Which is when Silvestre Reyes announced an investigation into all the lies CIA told Congress (though see Bill Leonard’s lack of sympathy here). Which, six months later, documented 5 different programs or events CIA lied to Congress about.

In response, both intelligence committees passed intelligence authorization to mandate further briefings. Which the White House, again, tried to defeat with a veto threat.

Which really pissed Nancy Pelosi off.  In an interview with me in July 2010, Pelosi stated that if the Administration did not expand the briefing on programs, it would have to take responsibility if anything went wrong.

And if they don’t want to do that then it has to be very clear. I think the Administration does not make, I think it’s not right to deprive the members of Congress of information with the idea that we’re going to jeopardize the national security of our country. Of course we are not. And every safeguard is built into what we have in our legislation, sources and methods, you know what the list would be.

[snip]

if the Administration wants to take full responsibility for anything that happens. But that’s not right. Because we passed these bills. And we should be able to pass a bill that gives us the the right–how dare the Administration say they would veto the bill?

Ultimately, the 2010 Intelligence Authorization did normally require briefing of the full committees within six months after a program started.

The Administration still isn’t fully briefing Congress on the Gloves Come Off MON

Which brings us to today.
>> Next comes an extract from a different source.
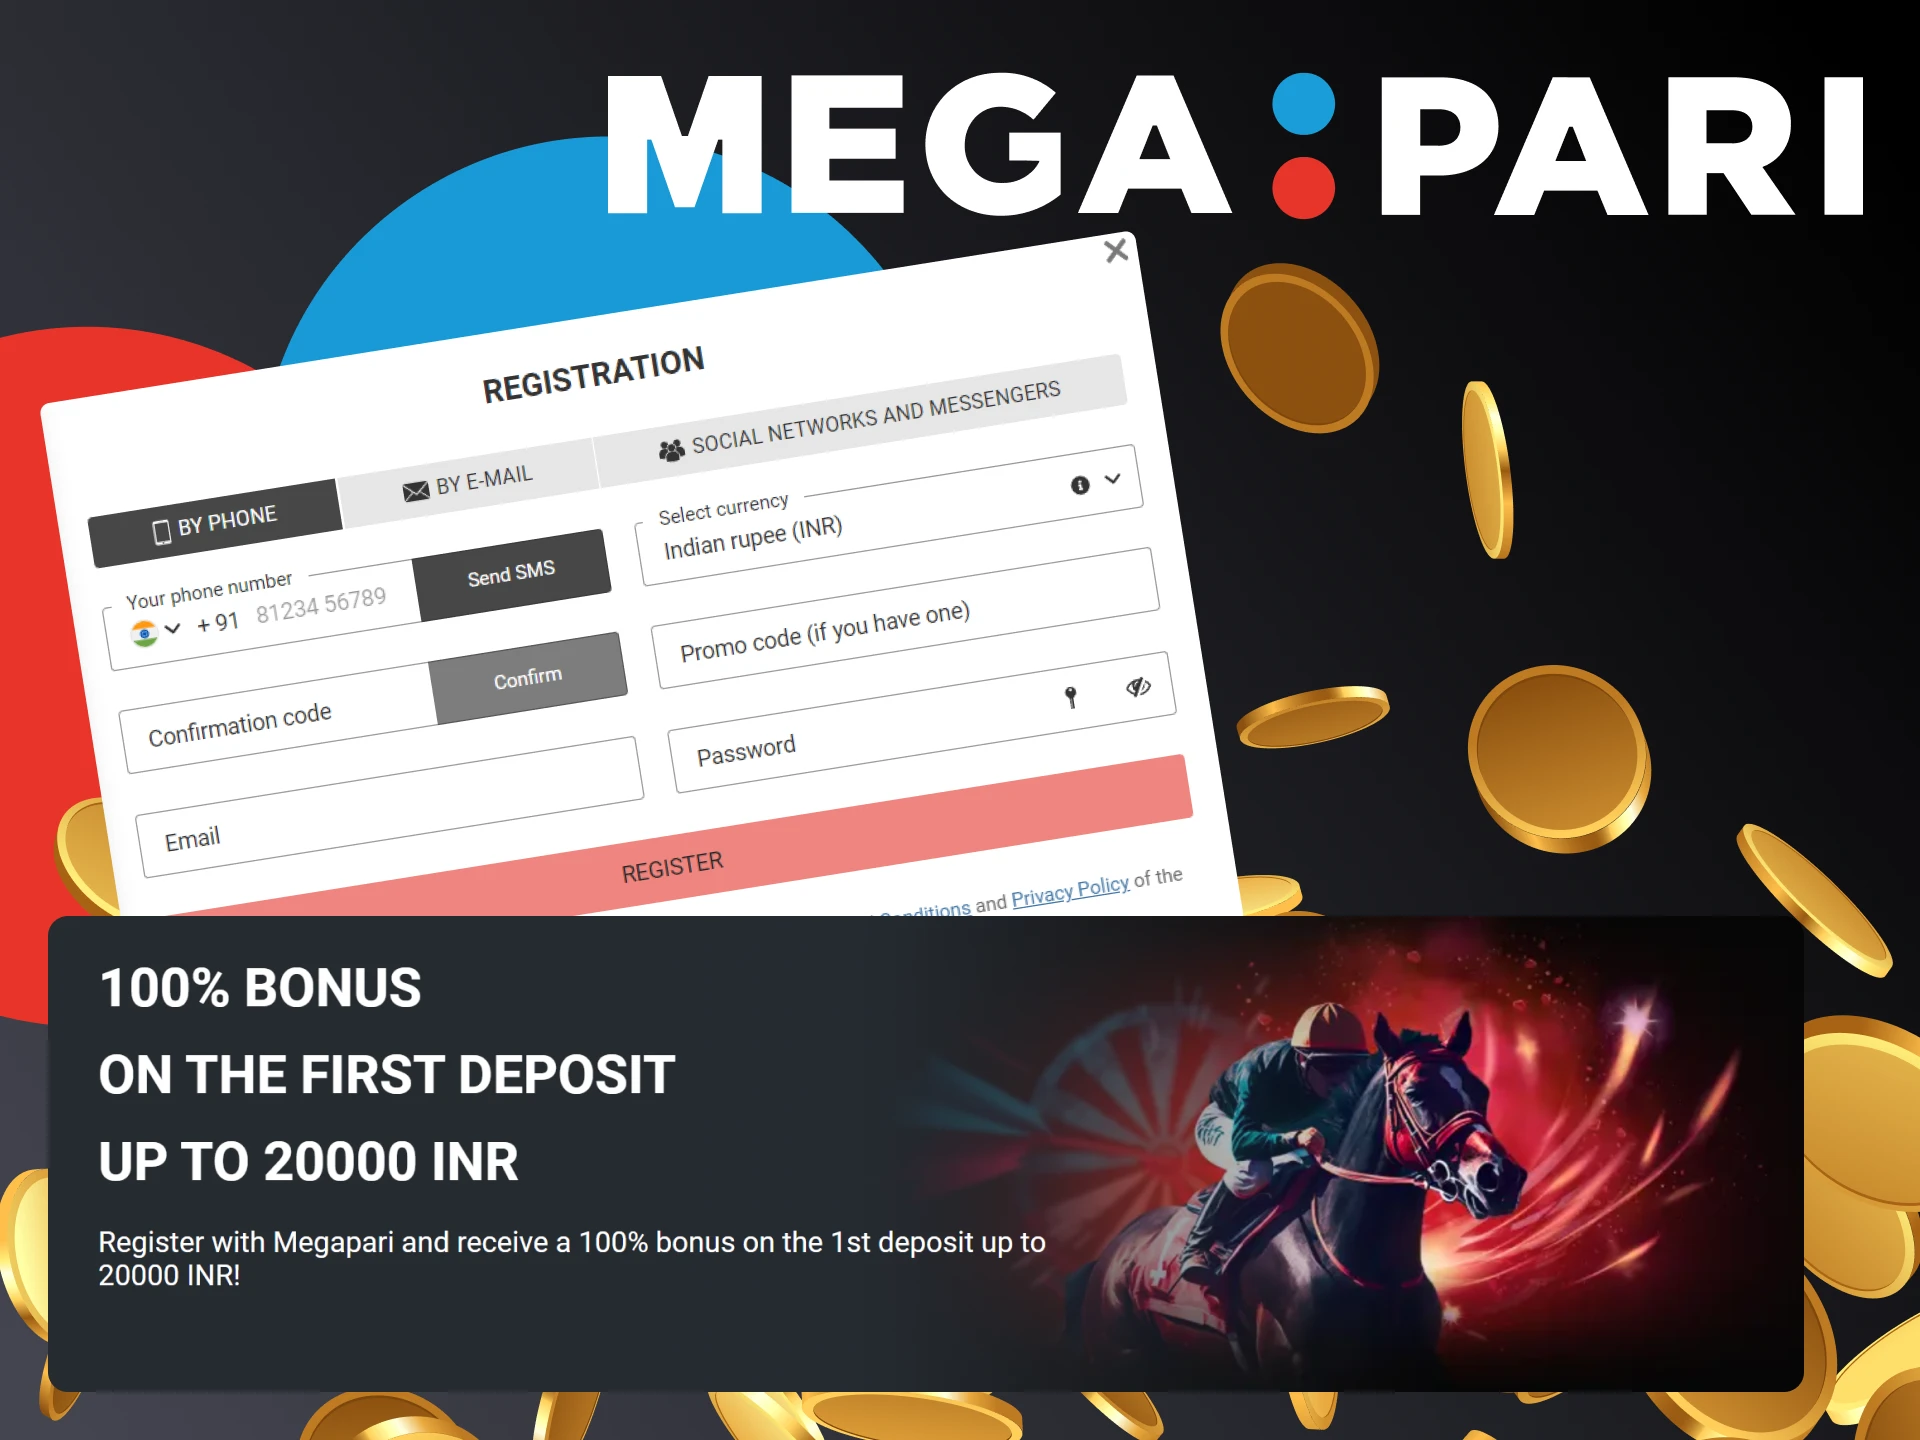 Get a +100% first deposit bonus up to INR 20,000 after Megapari registration.

To where, 9 months after the Administration first briefed the Intelligence Committees on the Anwar al-Awlaki targeting–and 4 months after his death–they still hadn’t answered very basic questions about the limits on targeted killings of American citizens … such as whether the Administration believed it could target US citizens in the United States.

Here we are, over a decade after George Bush signed the Gloves Come Off MON, and the Executive Branch is still refusing to brief adequately on the programs purportedly authorized by it.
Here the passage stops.